In the wake of the civil rights movement, Williams found homes for black buyers in historically white areas on the Southwest Side including Ashburn, Auburn-Gresham, Beverly, Brainerd, Morgan Park and Washington Heights.
Residents in those areas often resisted such efforts and worked to undermine Williams' business, including tying up his office phone lines for hours with long calls to prevent buyers from getting through.
His office also was the scene of demonstrations in which residents accused him of "blockbusting."
They insisted Williams sign a pledge that he would no longer solicit listings in North Beverly. He refused.
"The beliefs about us was that I was some kind of animal," said Williams, who said some families feared for their safety when black homeowners moved in. Others worried home values would plummet.
The result was broken windows at Williams' office and home in Beverly. An anonymous complaint was even filed with the U.S. Justice Department, which Williams believes was meant to tie up his business affairs for months.
In 1975, someone even detonated a bomb outside his front door. The Defender reported that the bomb exploded between 11 and 11:30 p.m., breaking windows and causing "several hundred dollars' worth of damage."
Joanne Williams and their three children were asleep when the bomb went off. Williams' eldest son, Mike, arrived home five minutes after the blast. A few minutes earlier and his "head might have been blown off," Williams said at the time.
"At that point, I decided to fight back," Williams said. "I was kind of a little, short fella, where if you slap me, I'm going to slap you back."
Frank J. Williams, 78, was president of the Chicago Association of Realtors from 1989 to 1990. He championed fair housing and diversity, according to the group. [Chicago Association of Realtors]
His past persistence as well as his continued work toward ensuring fair housing practices throughout the city earned Williams the Gale Cincotta Community Visionary Award, according to the Chicago-based housing group.
The award will be handed out at the 42nd annual awards dinner at the Sheraton Grand Chicago in Streeterville. More than 700 guests are expected at the event that raises nearly $500,000 to support the group's development efforts on the South and West sides.
“Frank Williams is an example of what one man’s fight for racial and social justice can mean for an entire community,” said Kristin Faust, president of Neighborhood Housing Services.
The award Williams will receive is named for a West Side homemaker who spoke out against panic peddling and redlining in the Austin neighborhood in the 1960s. Williams knew Gale Cincotta and described her as a "real street fighter."
He vividly remembered Cincotta walking into several savings and loans and banks and standing on tables demanding that unfair housing practices come to an end.
Willams moved to Chicago from Flint, Mich. He didn't want to spend his life working for General Motors, and in a 1992 interview said he was expelled from high school there for dating a white woman, whom he later married.
Frank and Joanne Williams initially landed in Kenwood but moved to North Beverly in 1974. Frank Williams described his spouse as the "backbone" of his business. Frank Williams would drum up clients and sales, while Joanne Williams handled all other aspects of the company.

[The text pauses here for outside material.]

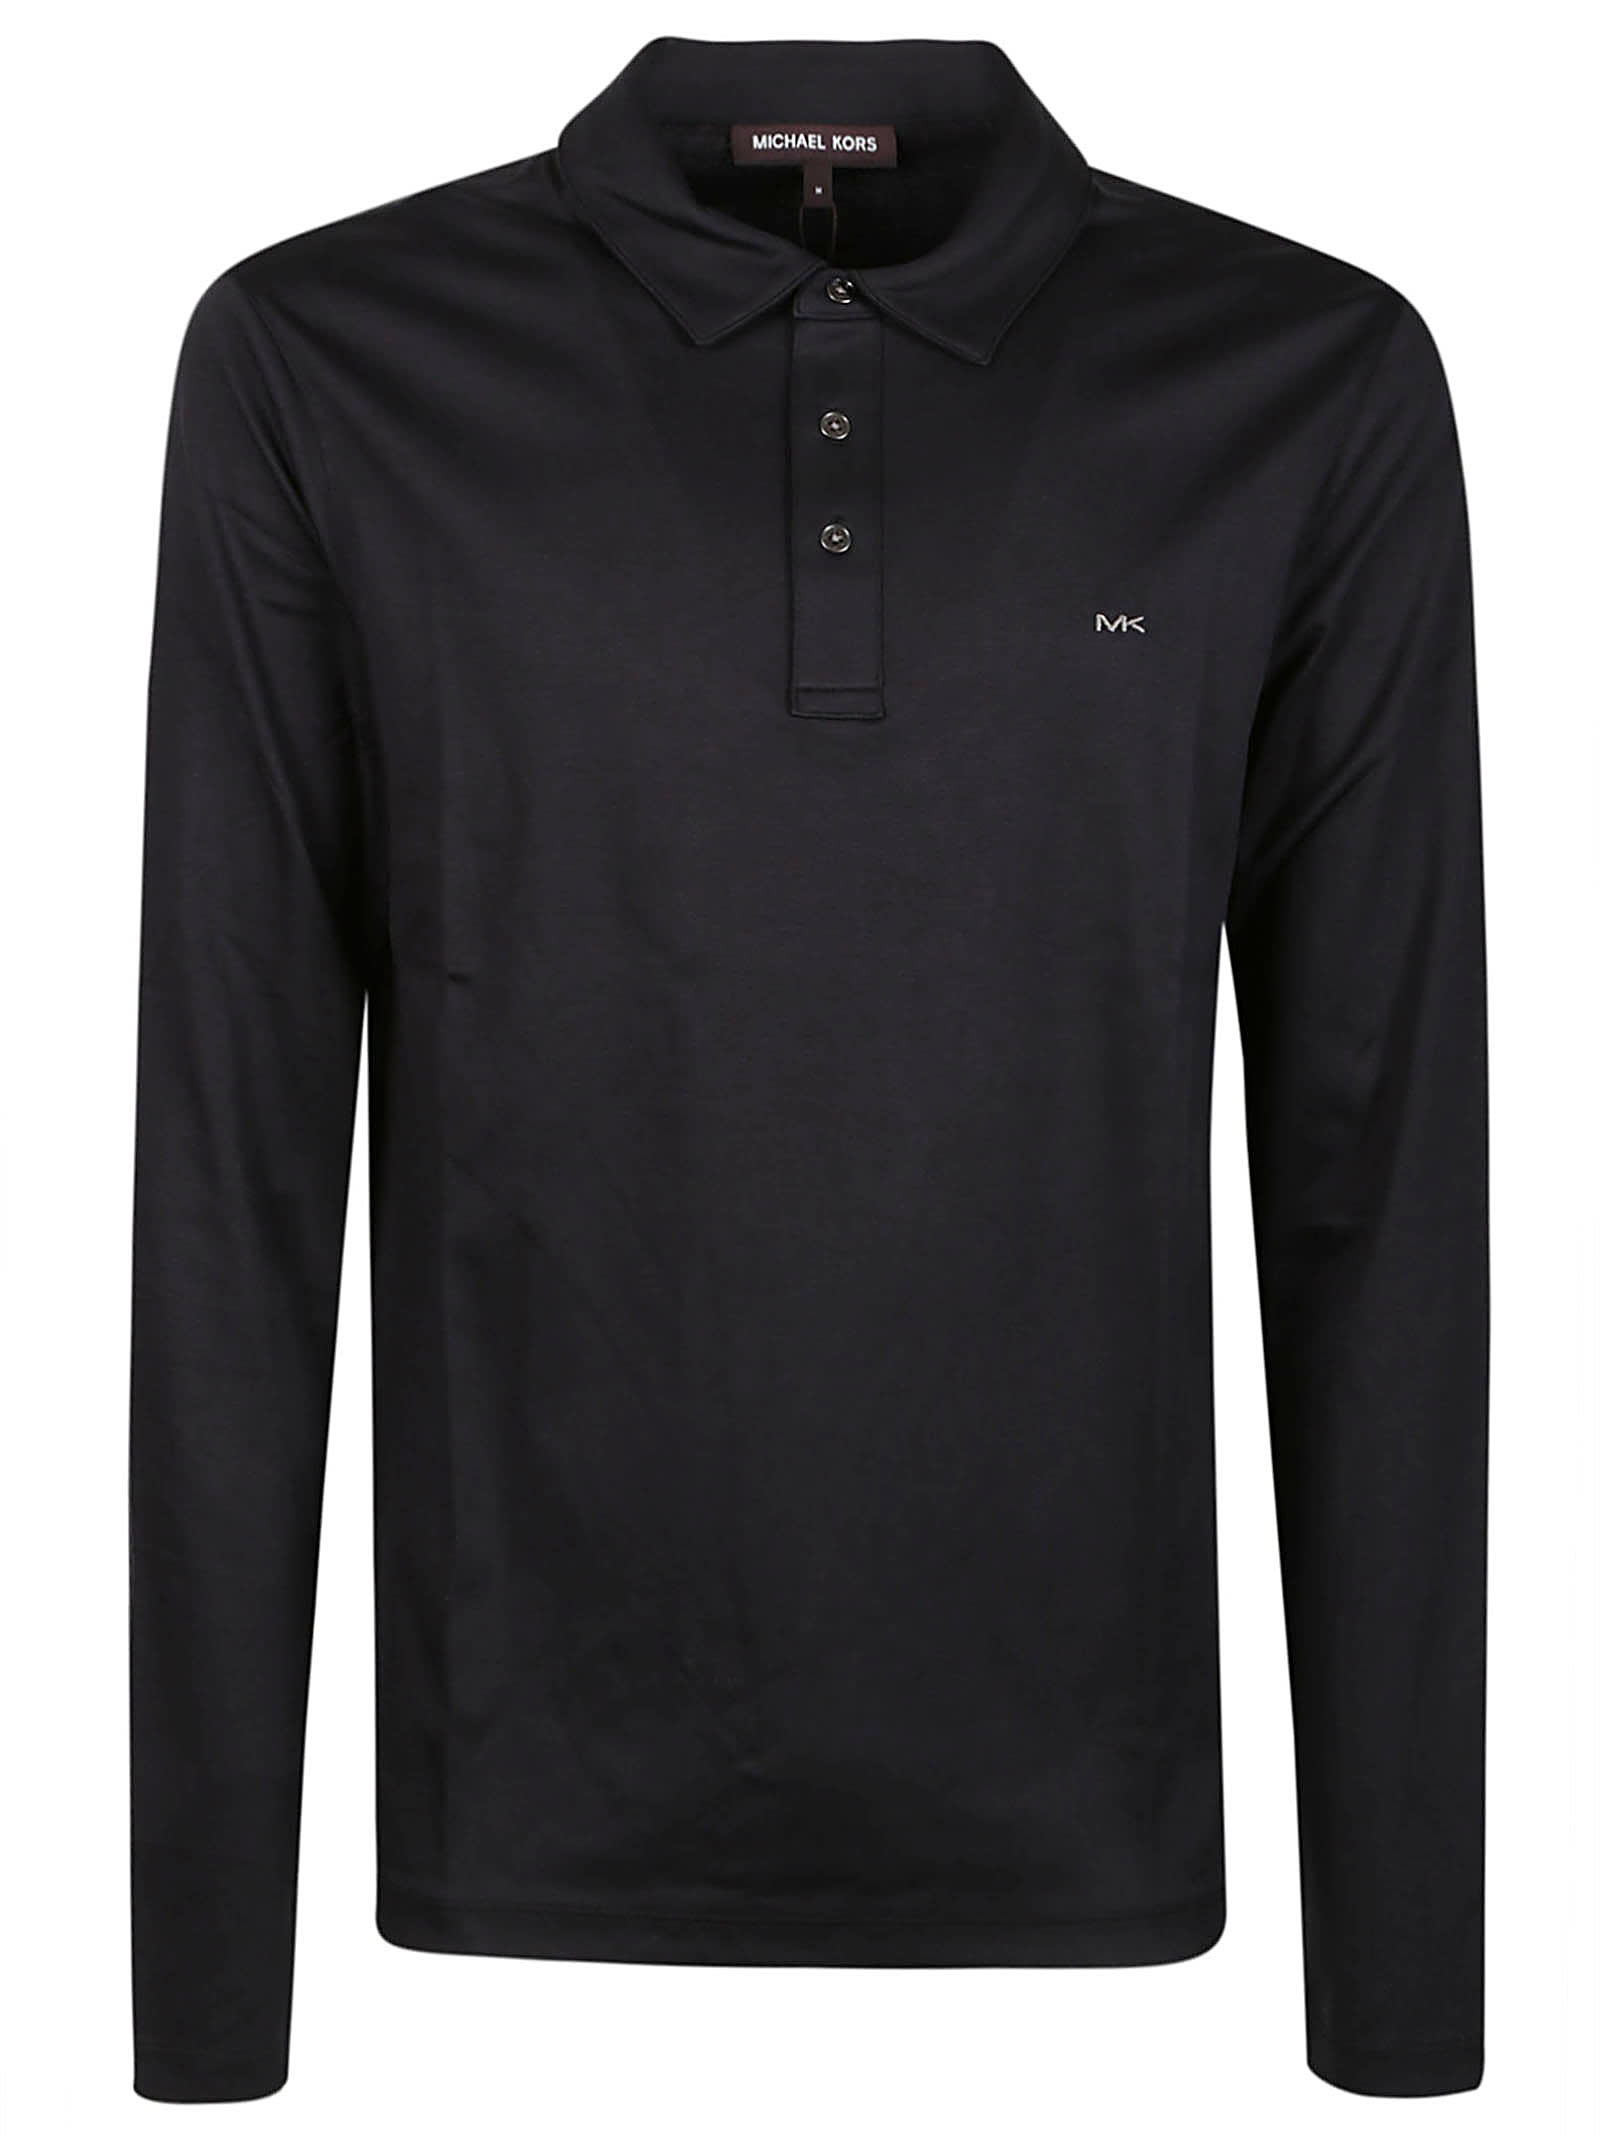 Michael Kors Long Sleeve Sleek Polo Shirt In Black

A dozen firms controlled the real estate market in Beverly in the 1970s, and Williams initially wasn't allowed in the group. That was before he and others who were part of the Leadership Council for Metropolitan Open Communities threatened to file a lawsuit.
This group was founded in the wake of the Rev. Martin Luther King's 1966 campaign for fair, affordable and open housing. Chicago's segregated neighborhoods were the backdrop for King's fight with the real estate industry.

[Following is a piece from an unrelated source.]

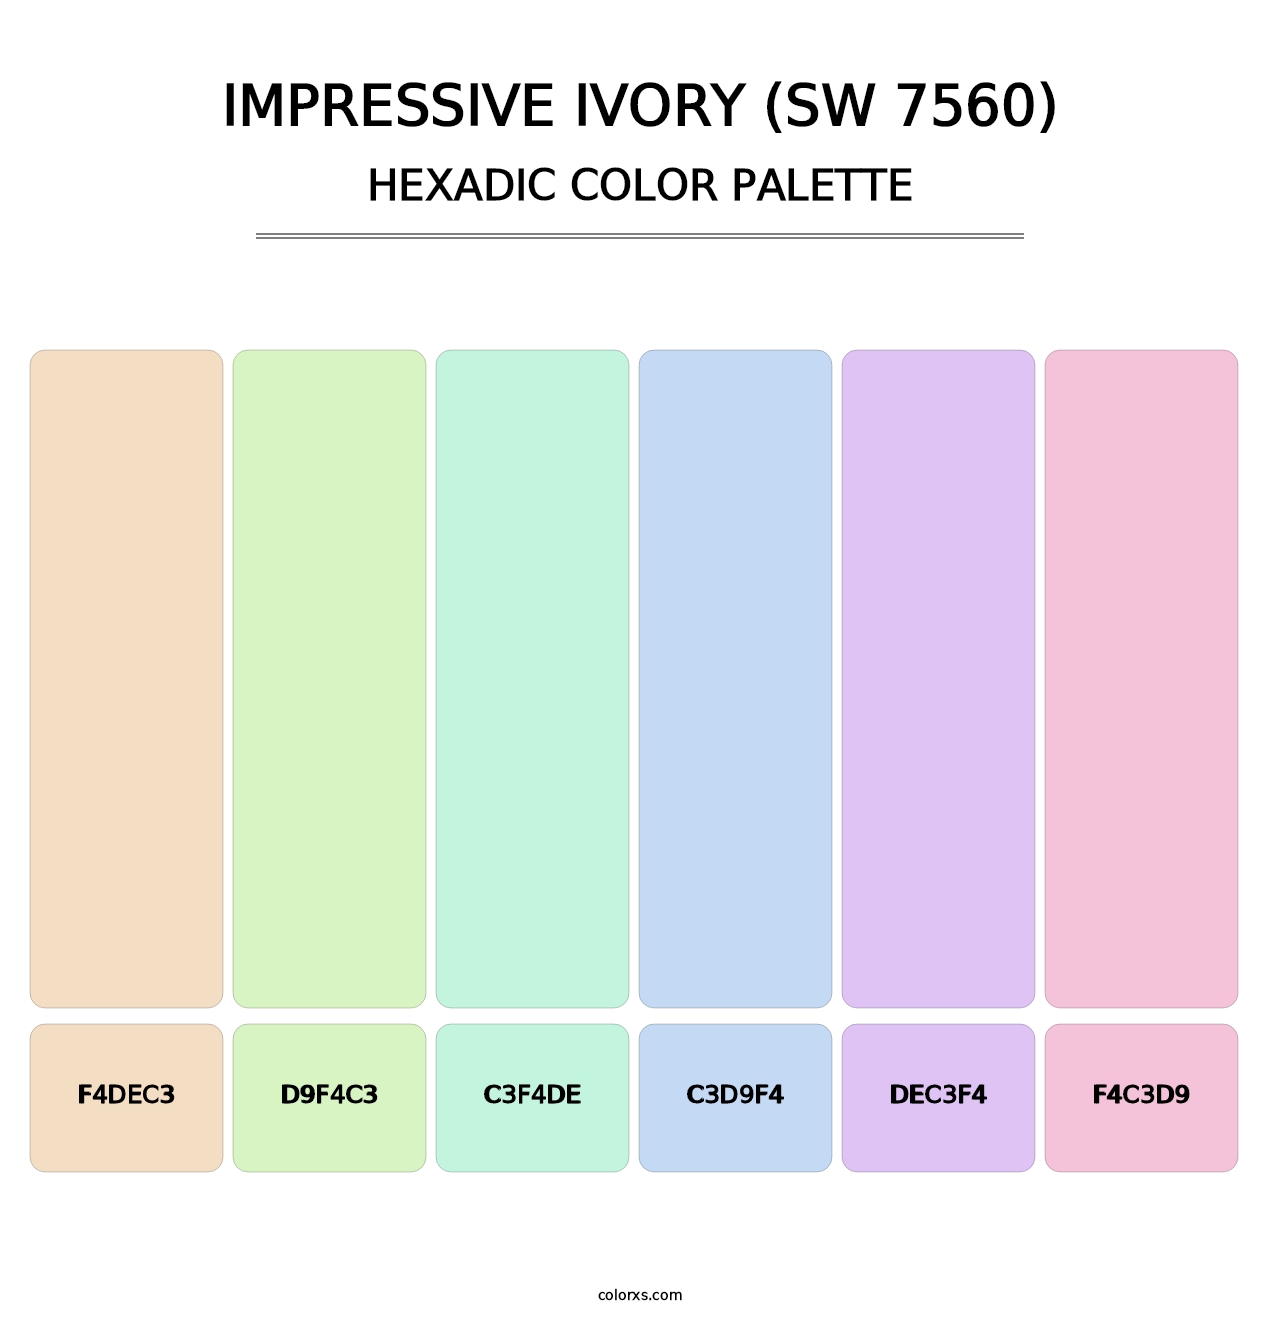 Impressive Ivory (SW 7560) - Hexadic Color Palette

"We were really iced out of it," said Williams, 78.
Eventually, the Beverly group relented. Unlike other areas, several prominent residents of Beverly refused to move when blacks began buying houses in the neighborhood, which stands out for being integrated to this day.
"Beverly didn't say it was going to integrate. Integration came to us," said Williams, reiterating that merging blacks and whites in the same neighborhood didn't come easy.
Williams also served as president of the Dearborn Realtist Board from 1973 to 1974. The group of black real estate agents was founded in 1941 after the then-all-white Chicago Real Estate and Renting Agents Association denied blacks entry.
“Frank was on the front line, aggressively standing up and providing a voice for the less fortunate and those that had no voice,” said Tracey Taylor, president of the Dearborn Realtist Board.
“Many of us in the real estate business owe a huge debt of gratitude to Mr. Williams for his diligent work for equal rights for not only homeowners but real estate practitioners throughout Illinois,” Taylor said.
The Chicago Association of Realtors accepted its first black member in 1963, and Williams was chosen to lead the group from 1989 to 1990. He was the second African-American to serve as president and championed fair housing and diversity.
"There was not a lot of us, but I did the best I could in those years," he said.